The treatment protocol was developed by Beaumont cardiologist Dr. Cindy Grines with the help of Drs. William O'Neill and Bradley Eisenbrey, chief of transfusion medicine at Beaumont. The treatment began on February 17th with Bonnville starting a 4 day regimen of Neupogen, a drug that stimulates stem cell production in the blood. On Feb. 21st, doctors harvested the boy's stem cells with a blood collection machine. "They then inserted a heart catheter and transplanted stem cells into Bonnville's left anterior descending artery, which supplies blood to the front of the heart," a spokesperson described. The procedure lasted 60 minutes.

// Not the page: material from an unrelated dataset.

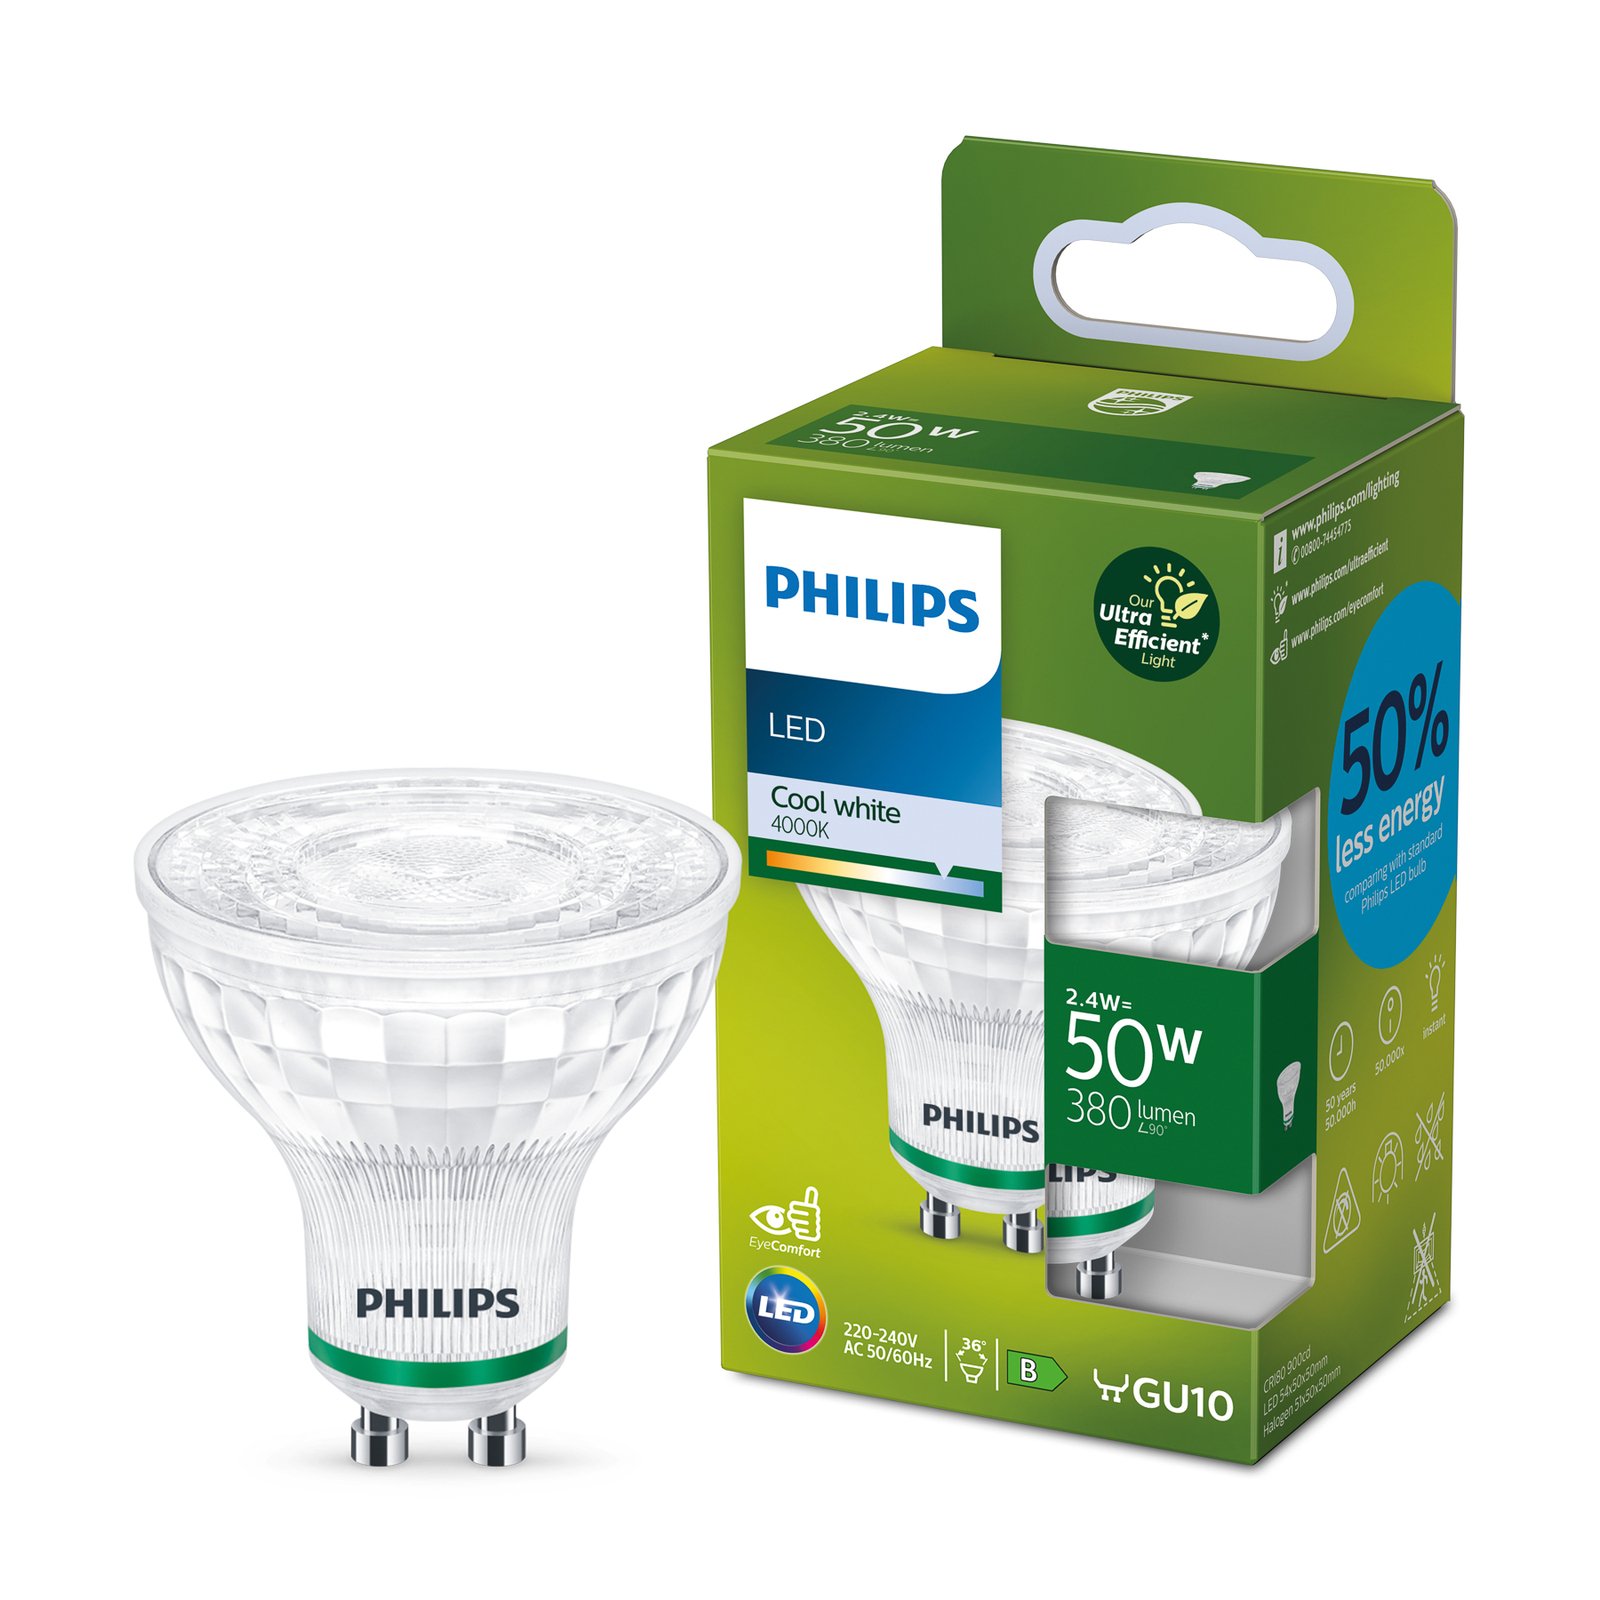 Philips LED reflector GU10 2,4W 380lm 36° 4.000K

Five days after the transplant, doctors implanted a defibrillator in Bonnville's chest to control irregular heartbeats that are more likely following heart attack damage. "The efficiency of Bonnville's heart increased within a few days," said Grines. "His heart should continue to repair itself for about three months," says O'Neill.

Prior to this procedure, in 2 trials in Germany and one in Honk Kong, researchers had attempted a much more invasive procedure on heart attack patients in which they harvested stem cells from the patients' bone marrow. Last year, Australian surgeons successfully repaired a 74 year old man's heart, also by using bone marrow stem cells.